The Herald ran a very compelling op-ed by Jeanette Fitzsimons yesterday, suggesting that from a climate perspective our priority must be to keep most of the remaining fossil fuel in the ground.
For 35 years I have been wrong about how to prevent climate change. It’s time I confessed.
For 35 years I have worked to improve energy efficiency – insulating homes, efficiency standards for appliances, better light bulbs, fuel-economy standards for cars and energy-saving technologies in industry and farming.
The assumption was that this would result in less fossil fuel being burned and less carbon dioxide going into the atmosphere. Well, it doesn’t.
She details State-Owned Solid Energy’s plans to make money out of lignite, and how that would spell disaster for New Zealand’s climate emissions.

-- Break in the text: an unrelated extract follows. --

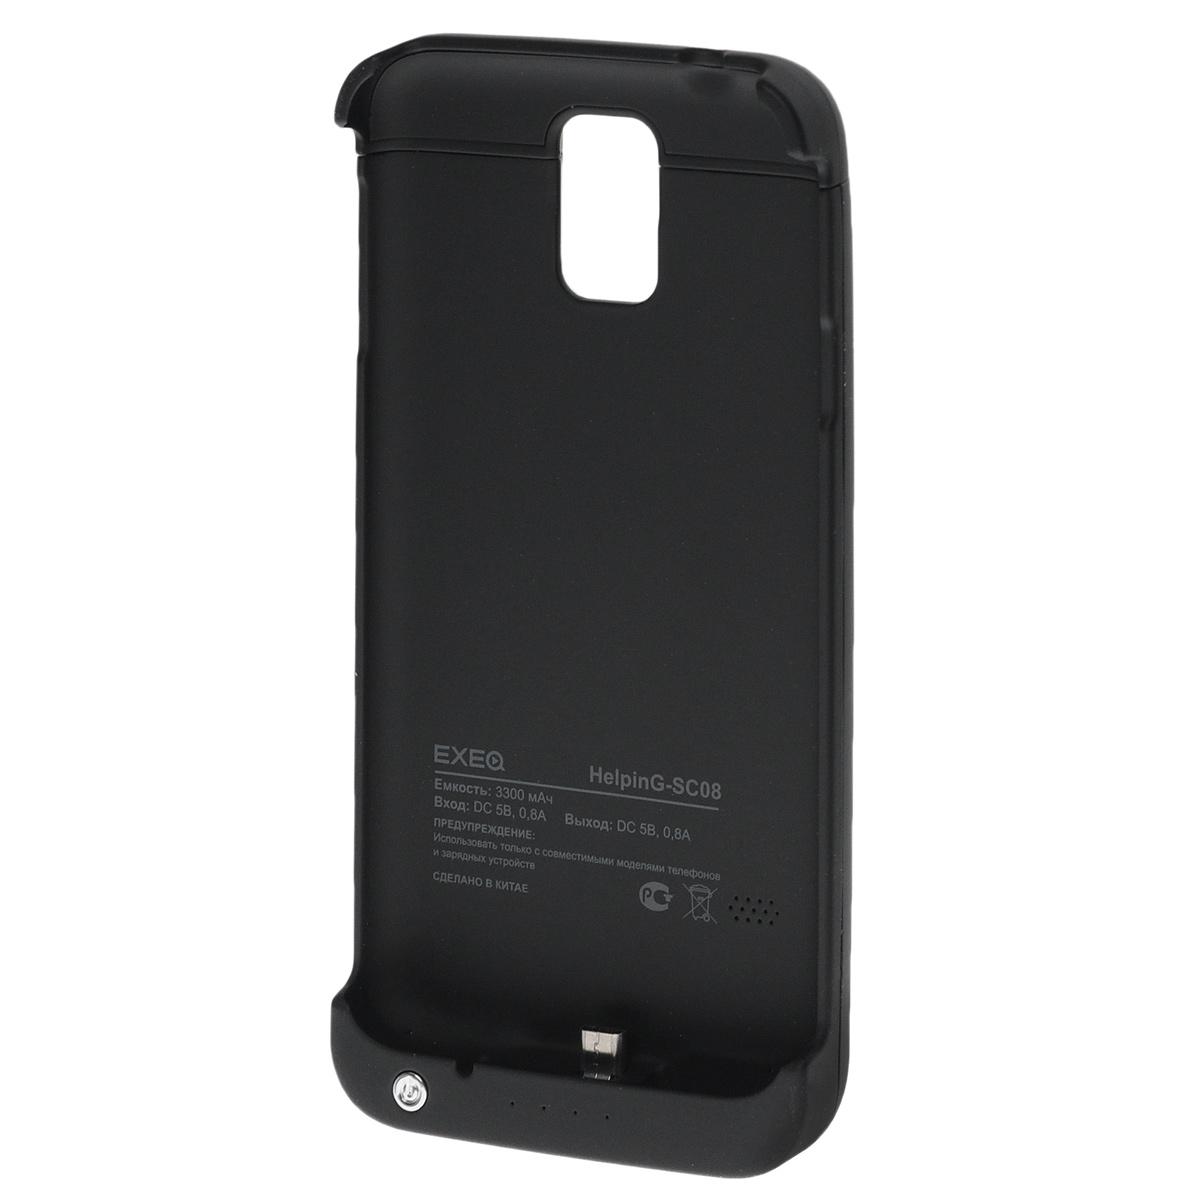 все цены на EXEQ HelpinG-SC08 чехол-аккумулятор для Samsung Galaxy S5, Black (3300 мАч, клип-кейс) онлайн

In addition to oil and gas exploration there are well-advanced plans to use more than 3 billion tonnes of economically recoverable lignite from three fields in Southland. These plans are big, and New Zealanders are hardly aware of them.Because we don’t need coal for electricity; state-owned coal company Solid Energy has developed plans to use the lignite for fertiliser and diesel.
This is why changing your light bulbs will not reduce greenhouse gases – Solid Energy, and its government owner, are determined to use that coal.
Of course Don Elder, CE of Solid Energy, imagines that somehow mining Southland’s lignite would reduce global greenhouse gas emissions. We think Don is dreaming, and couldn’t agree more with Jeanette’s call to action:
We need to refocus international negotiations to keep most of the world’s remaining coal in the ground. As citizens, we need to refocus our domestic action to tell Solid Energy and the Government by every means available to us to keep the coal in the hole. Every tonne of lignite New Zealand keeps in the ground is 1.5 tonnes of carbon dioxide that doesn’t get into the atmosphere.
We can let energy efficiency give us a good standard of living, a prosperous economy, more jobs and a clean, green marketing brand. But if we mine the coal, we are fooling ourselves that those “green” developments will do anything for the climate.